● Problem statement
In the data below, find the line with "Chicago meeting de" and the line with "Translator/Proofreader/Editor", then restate both and every line between them exactly, minus the pictures.

:: Information ::

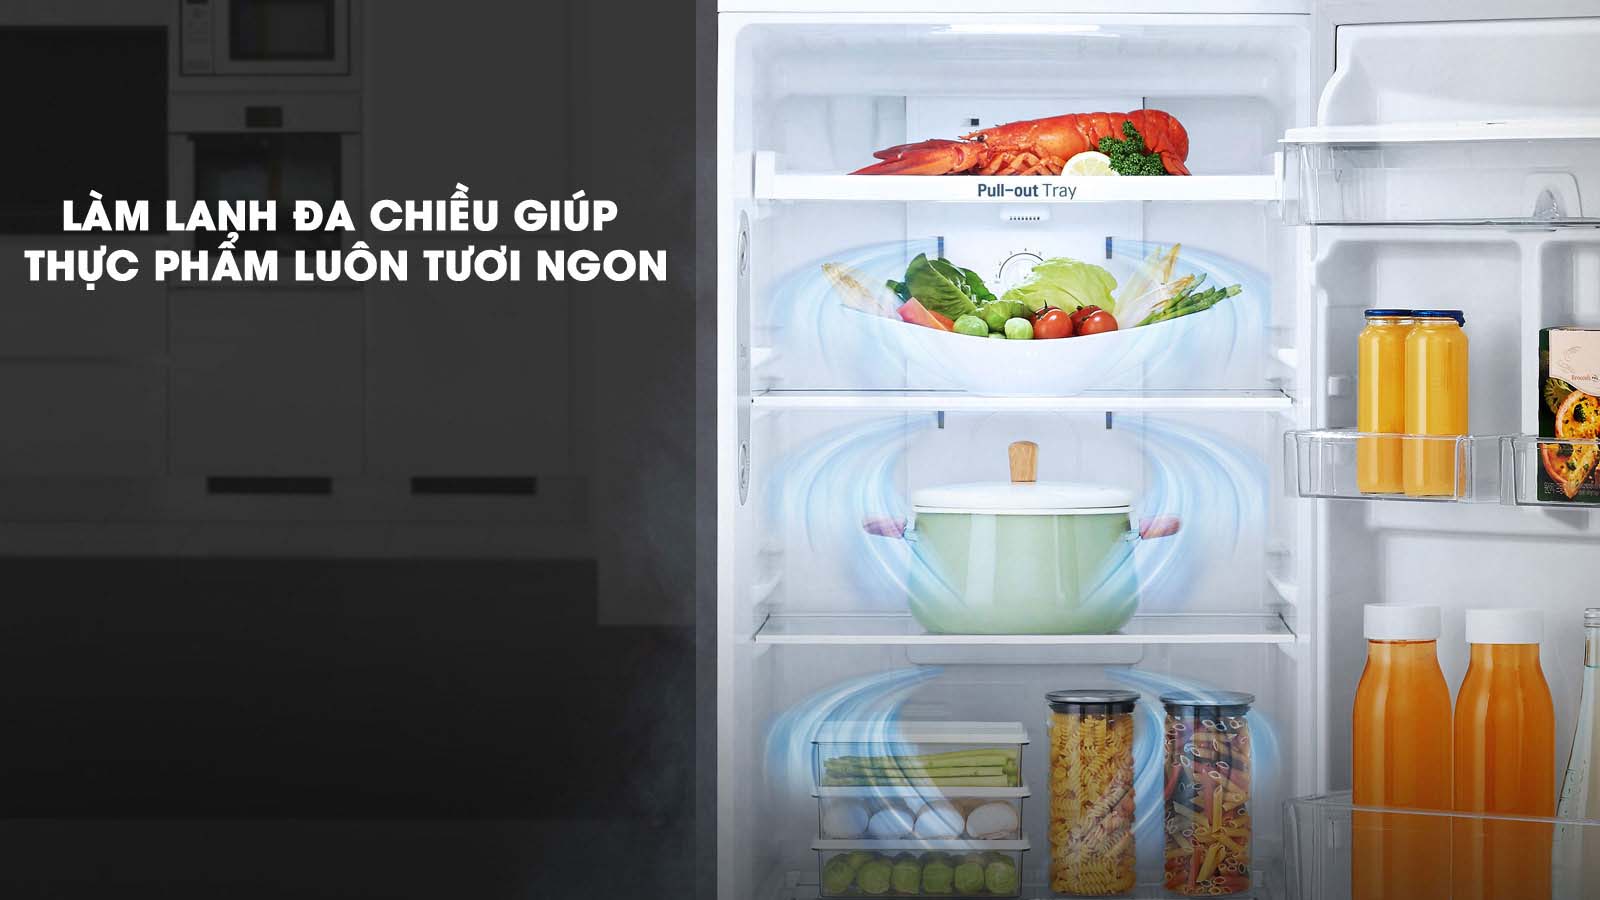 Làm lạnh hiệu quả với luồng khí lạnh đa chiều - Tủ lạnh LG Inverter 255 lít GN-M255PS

:::
:: Information ::

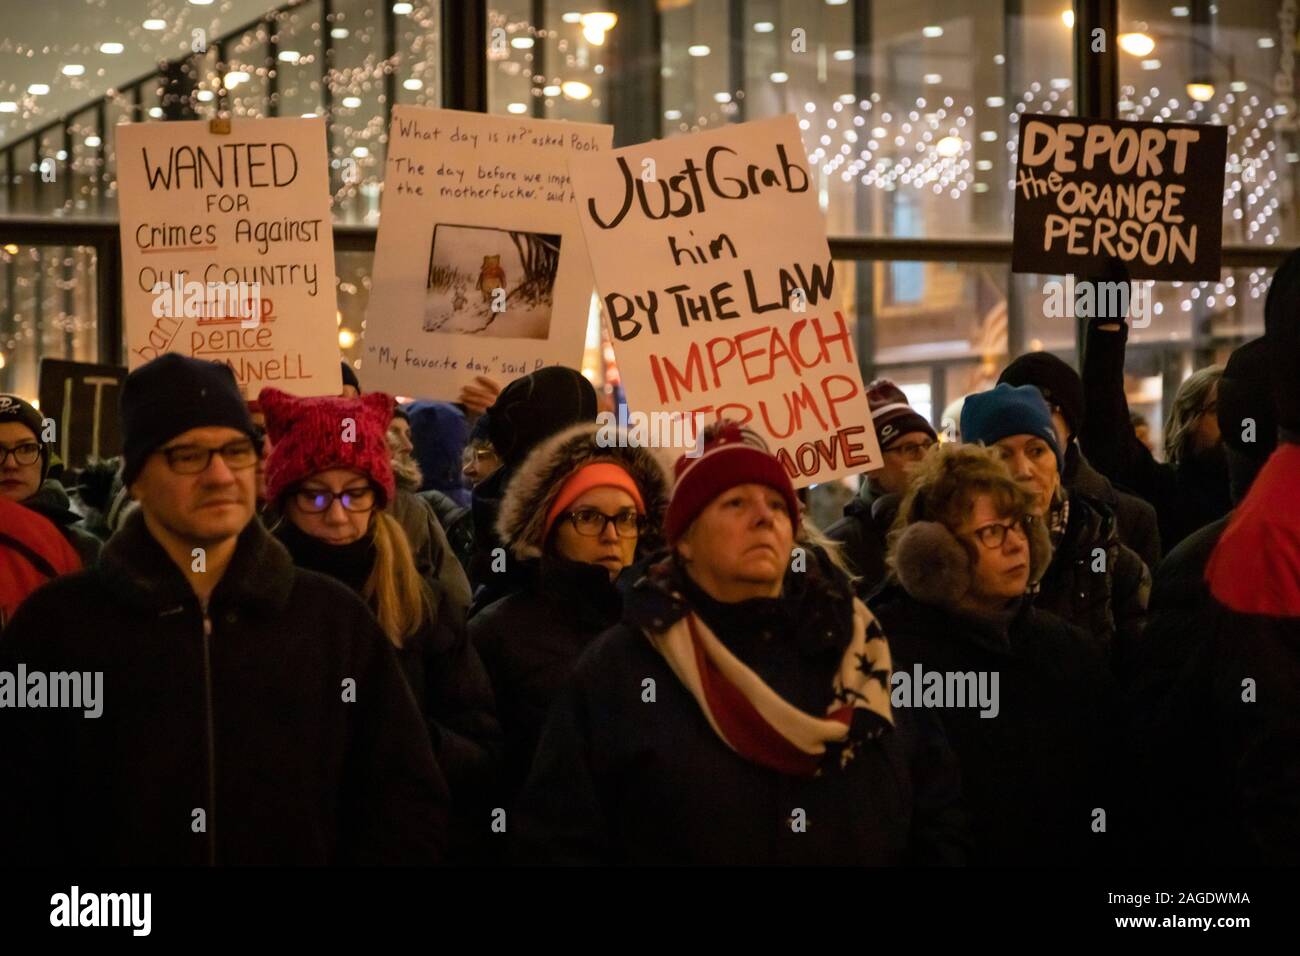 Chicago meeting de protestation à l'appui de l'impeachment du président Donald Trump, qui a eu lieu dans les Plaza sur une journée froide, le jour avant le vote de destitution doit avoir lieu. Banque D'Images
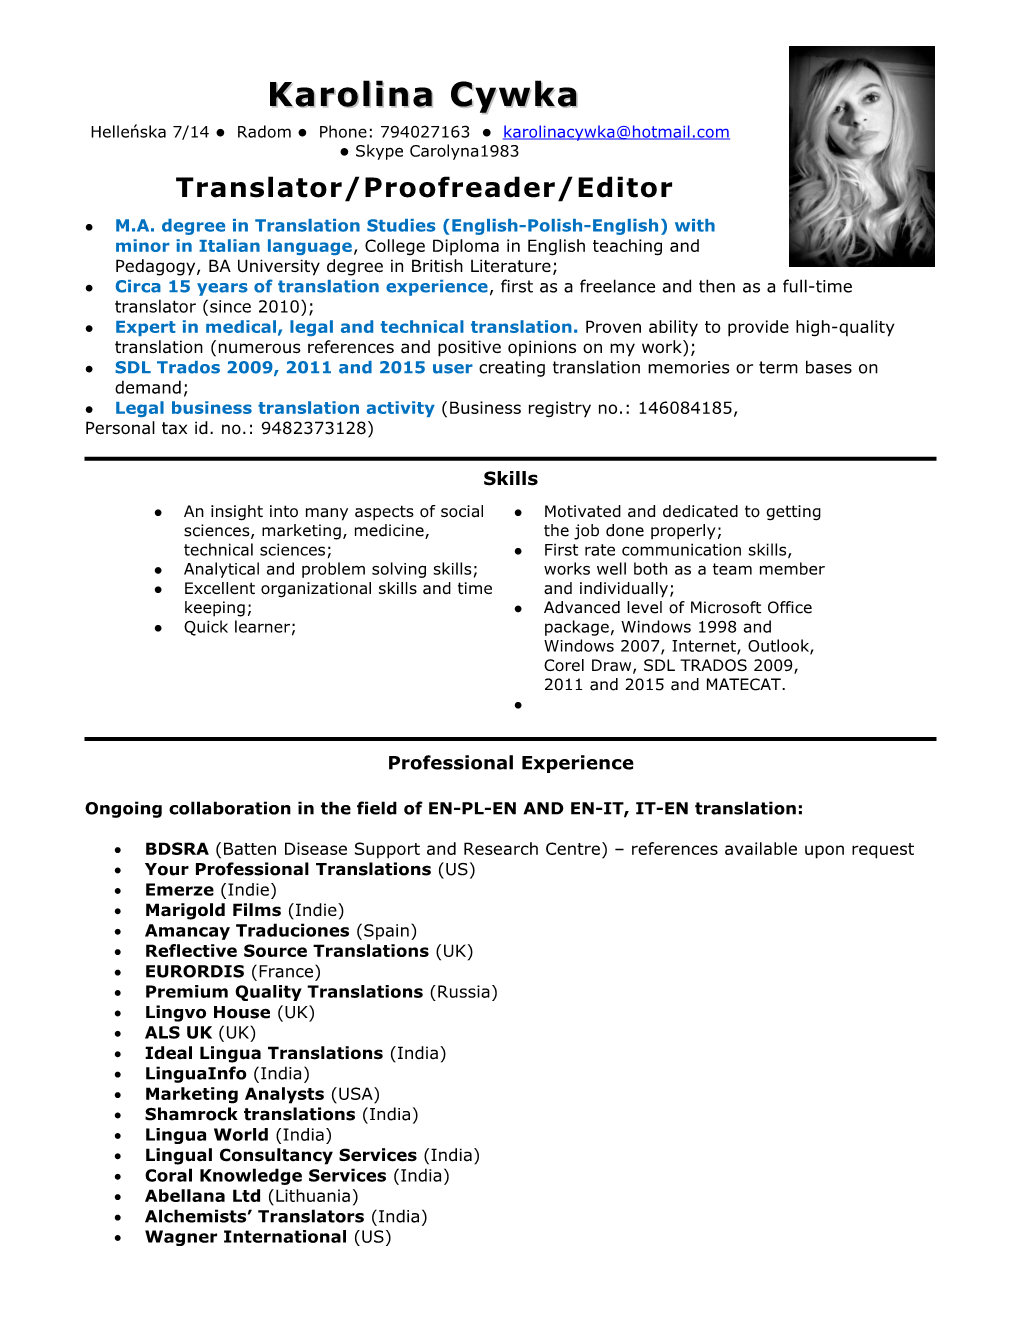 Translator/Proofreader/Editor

:::

● Problem solution
 Chicago meeting de protestation à l'appui de l'impeachment du président Donald Trump, qui a eu lieu dans les Plaza sur une journée froide, le jour avant le vote de destitution doit avoir lieu. Banque D'Images
 Translator/Proofreader/Editor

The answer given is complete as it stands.